[Opening Source data section]

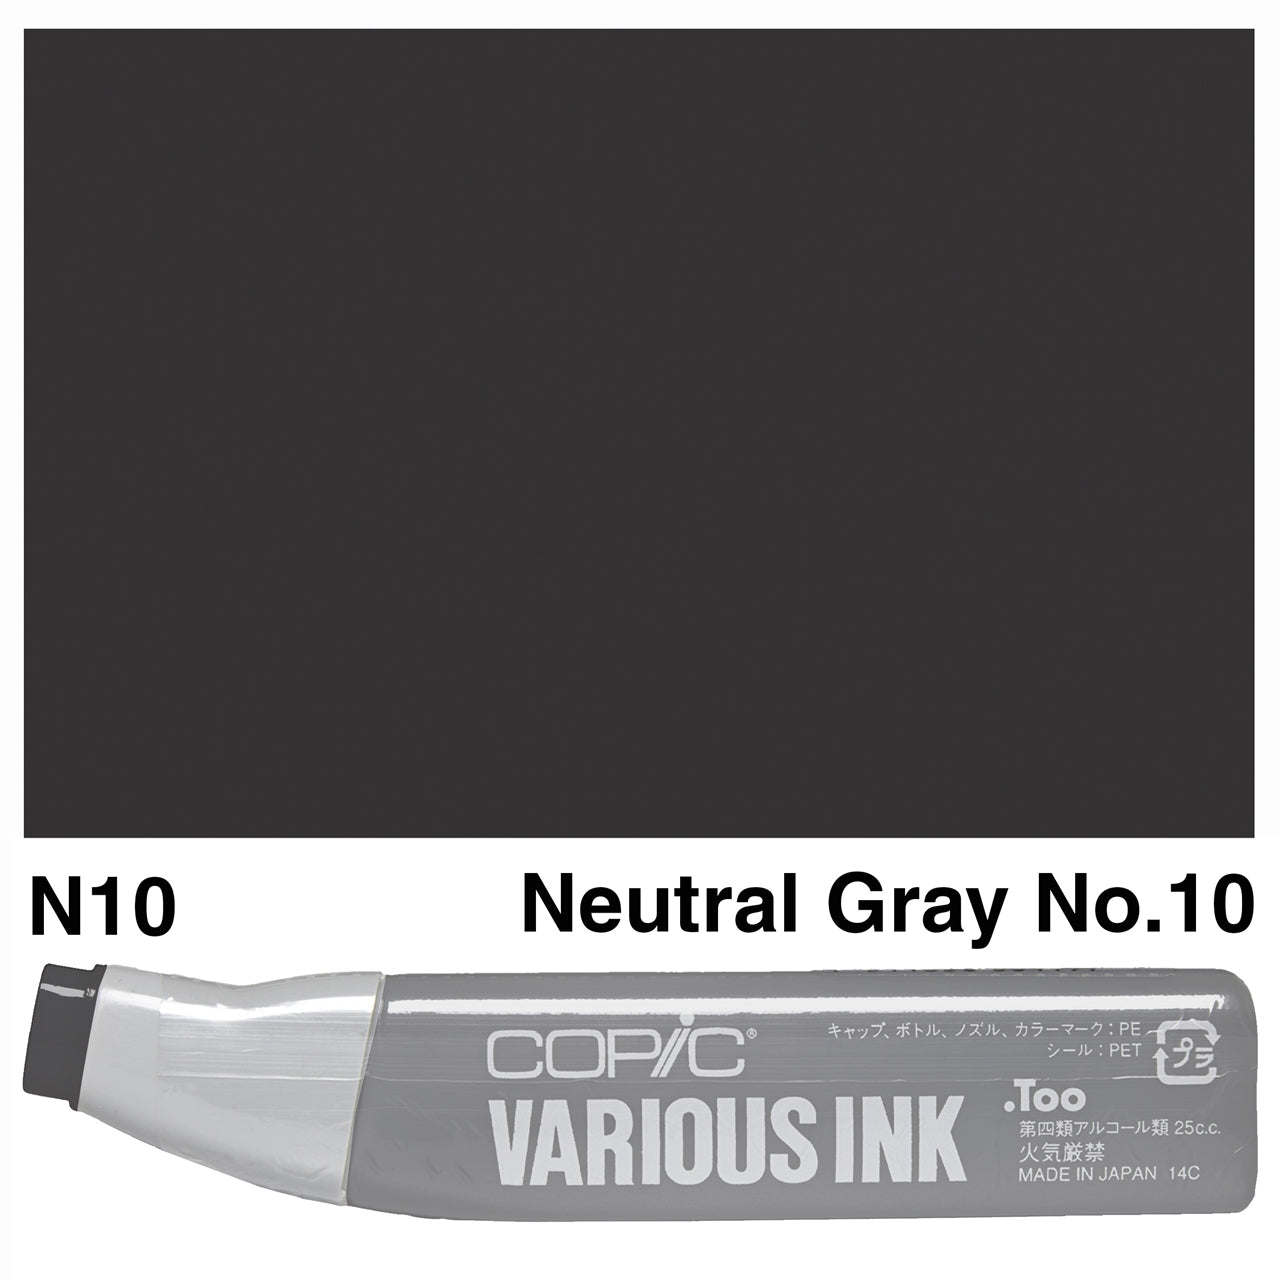 Copic Various Ink N10 Neutral Gray No.10 - theartshop.com.au
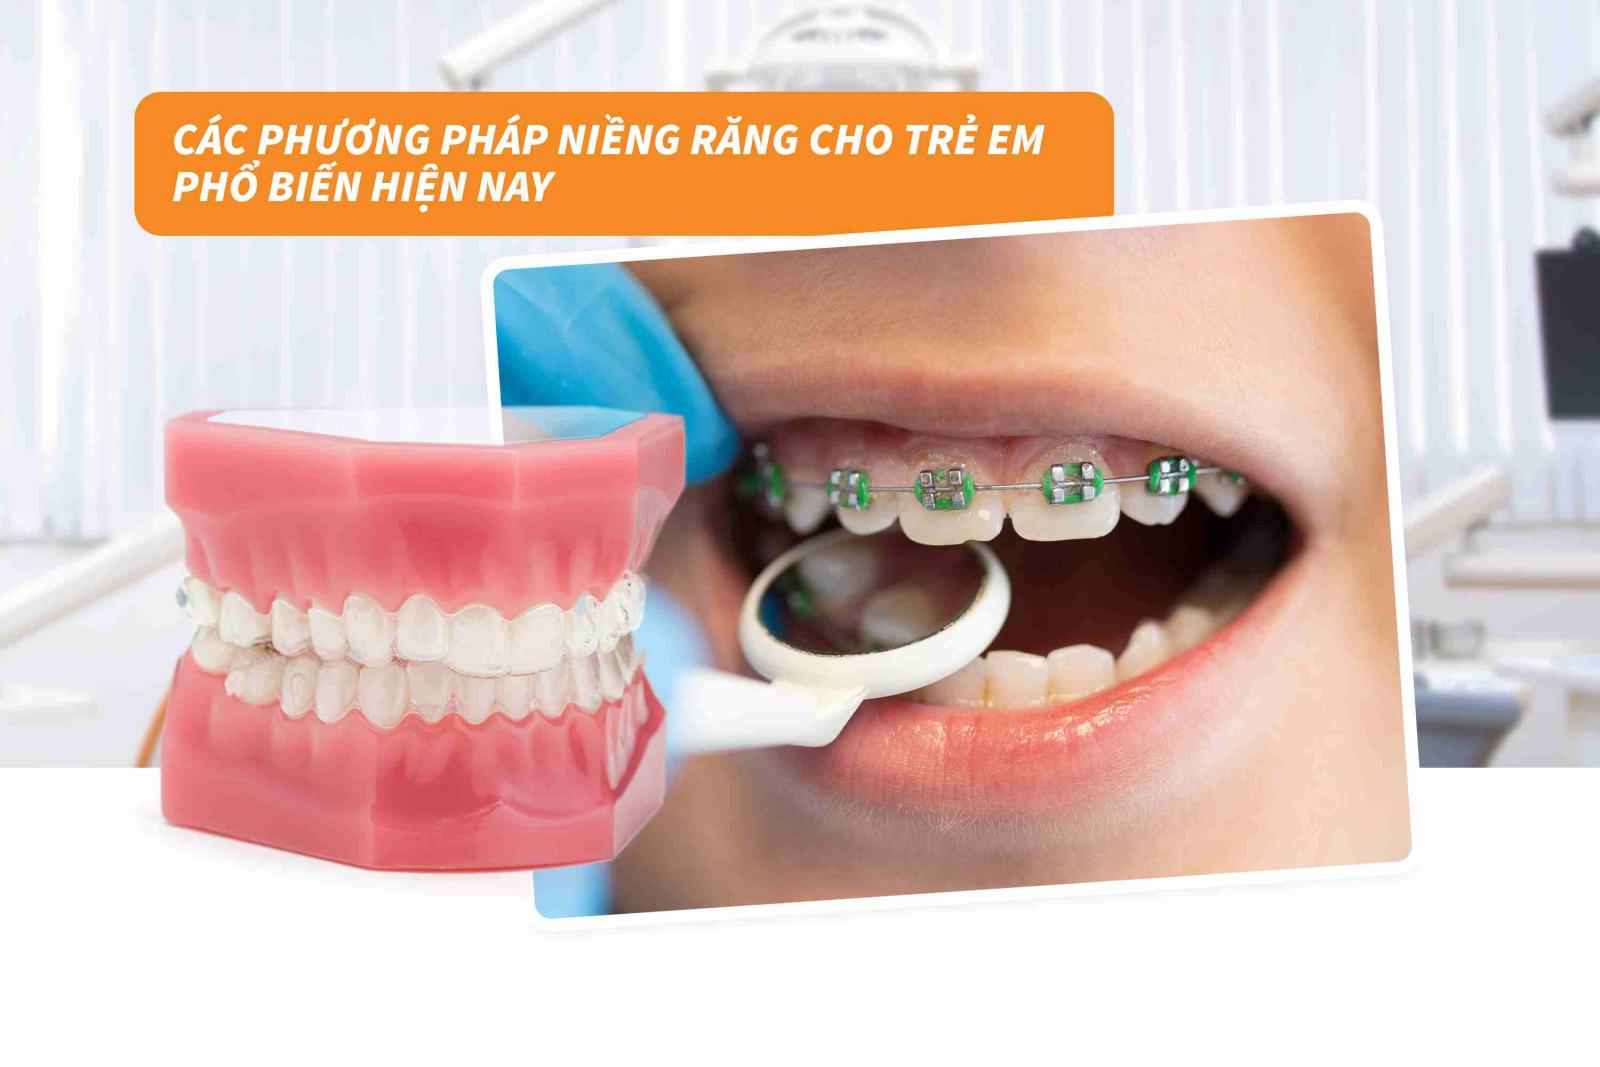 Giá niềng răng cho trẻ em theo từng phương pháp
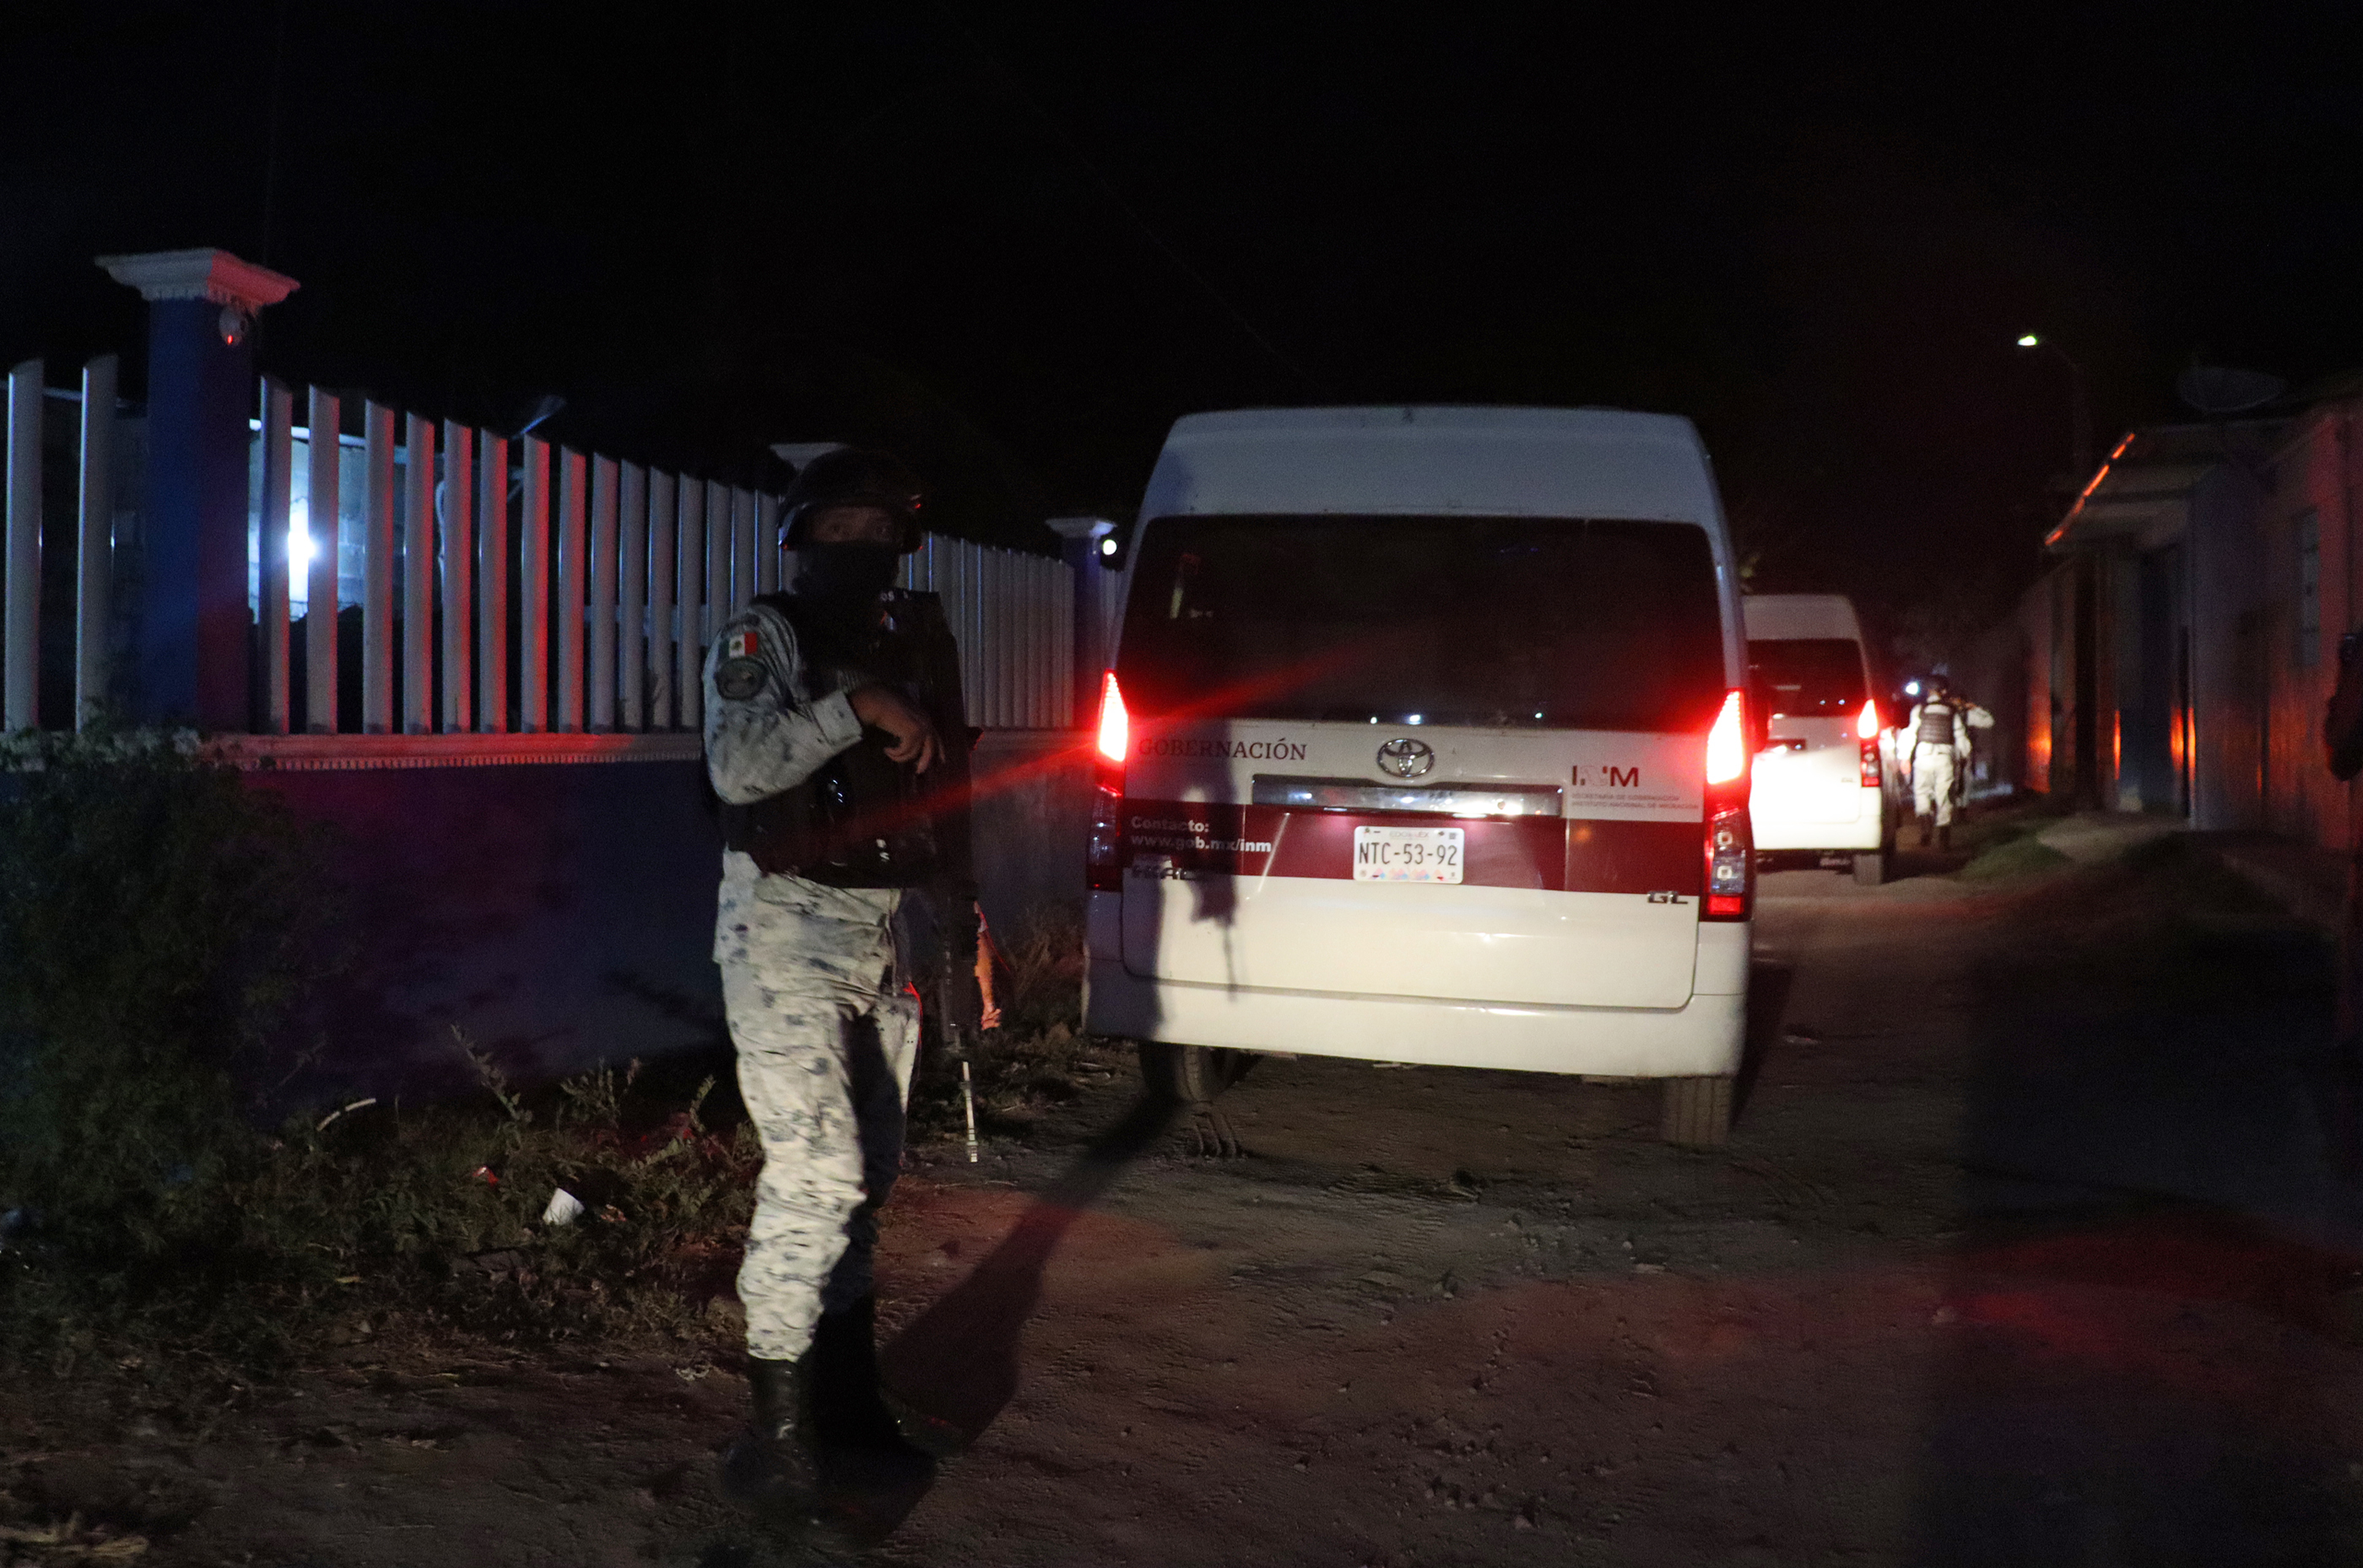 operativo para buscar a migrantes ecuatorianos desaparecidos, presuntamente secuestrados, en la localidad de Puerto Chiapas

[Closing Source data section]

What you need to do -> From the line containing "Giá niềng răng" to the end of the data above, give those lines again verbatim, with both endpoints included and no images.

Result of this task ->
 Giá niềng răng cho trẻ em theo từng phương pháp
 operativo para buscar a migrantes ecuatorianos desaparecidos, presuntamente secuestrados, en la localidad de Puerto Chiapas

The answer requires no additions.